In fission yeast, artificial tethering of the RNA Induced Transcriptional Silencing (RITS) complex to ura4 pre-mRNAs is sufficient to induce heterochromatin formation at the normally euchromatic ura4+ locus18. These, and other, results are consistent with the hypothesis that fission yeast silencing complexes are guided to chromatin via associations with nascent Pol II transcripts19. Our findings suggest that plants and yeast are fundamentally similar in their use of RNA guidance mechanisms for recruiting Argonaute-containing transcriptional silencing complexes to target loci. It is intriguing that plants should have evolved a unique RNA polymerase, Pol V whose specialized role appears to be the generation of noncoding RNAs that can serve as scaffolds for Argonaute recruitment.
Arabidopsis thaliana nrpe1 (nrpd1b-11) was described previously8. The dms3–4 mutant (SALK_125019C) of locus At3g49250 was obtained from the Arabidopsis Biological Resource Center. The dcl2, dcl3, dcl4 triple mutant (dcl234) was provided by Todd Blevins. The ago4-1 mutant (Ler ecotype background) was kindly provided by Steve Jacobsen (UCLA) and was introgressed into the Col-0 background by 3 rounds of backcrossing.
Anti-Pol II (anti-NRPB2) was described previously20. Anti H3K27me1 antibody #883521 was provided by Thomas Jenuwein. Antibody against diacetyl-H3 (K9 and K14) was obtained from Millipore (cat. #06599, lot #JBC1349702). Rabbit anti-NRPE1 antibody has been described9. Rabbit anti-AGO4 was raised against a C-terminal portion of the protein (amino acids 573–924) expressed in bacteria.

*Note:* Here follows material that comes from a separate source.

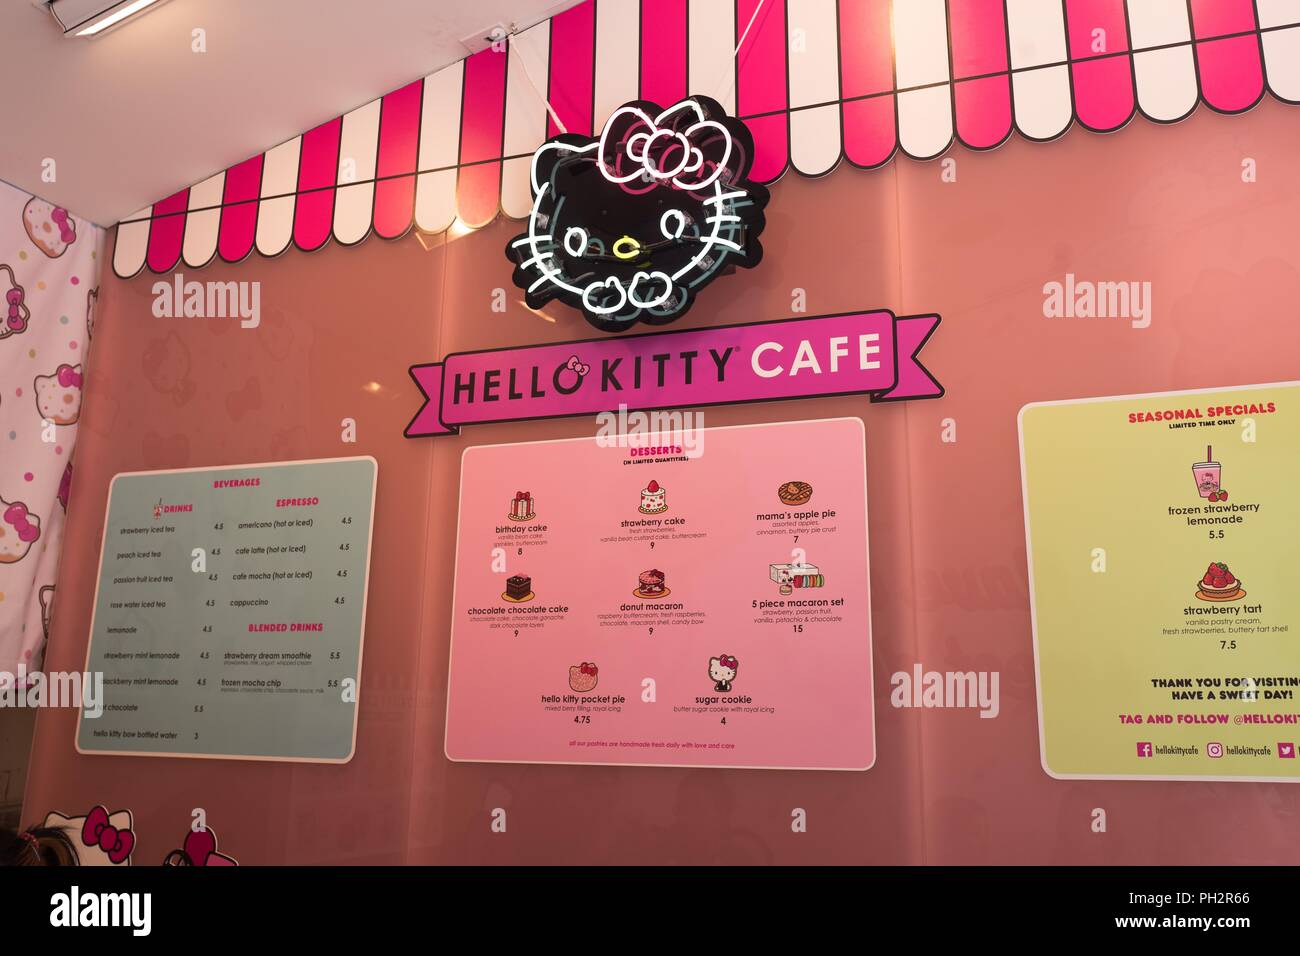 Interior of the Hello Kitty Cafe, a newly opened cafe operated by Japanese company Sanrio, on Santana Row in the Silicon Valley, San Jose, California, July 18, 2018. () Stock Photo
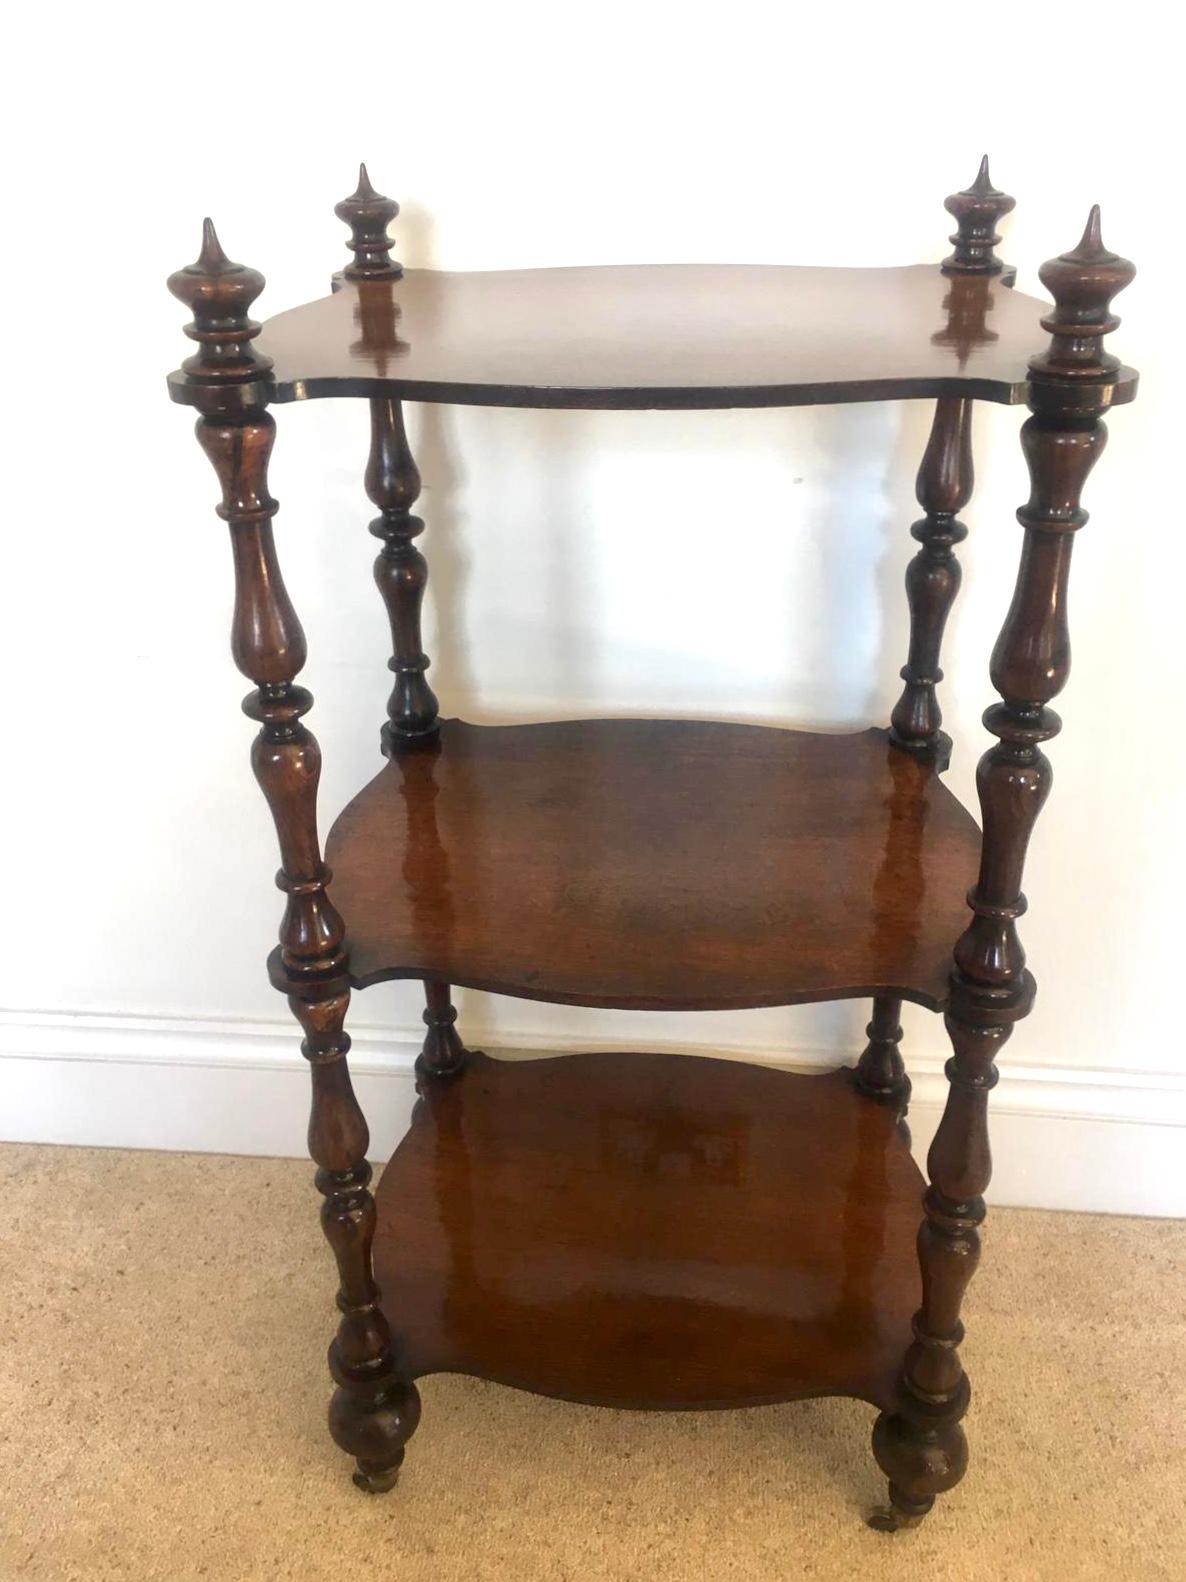 19th Century Antique Victorian Freestanding Rosewood Whatnot

RNA isolation, RT-PCR and real-time quantitative PCR were performed as described3 except that real time quantitative PCR analysis of the IGN5 locus was performed using the following oligonucleotides: A195: ACATGAAGAAAGCCCAAACCA and A196: GGCCGAATAACAGCAAGTCCT. Densitometric analysis of DNA resolved by agarose gel electrophoresis was performed using ImageJ (http://rsbweb.nih.gov/ij/).
ChIP and RNA IP were performed as described3 except that for ChIP with anti-AGO4, RNase A was added during IP, washes with TE buffer were omitted, immune complexes were eluted with 100 mM Tris-HCl pH 8.0, 10 mM EDTA, 1% SDS for 10 min at room temperature and a second elution at 65°C was performed. Crosslinking was reversed at 65°C for 1h in the presence of 40 μg Proteinase K (Invitrogen). DNA was purified by extraction with phenol:chloroform and ethanol precipitation. DNA recovery was assayed by PCR using 1.5u Platinum Taq (Invitrogen).
Our work is supported by NIH grant GM077590. The content of the paper is the sole responsibility of the authors and does not necessarily reflect the views of the NIH.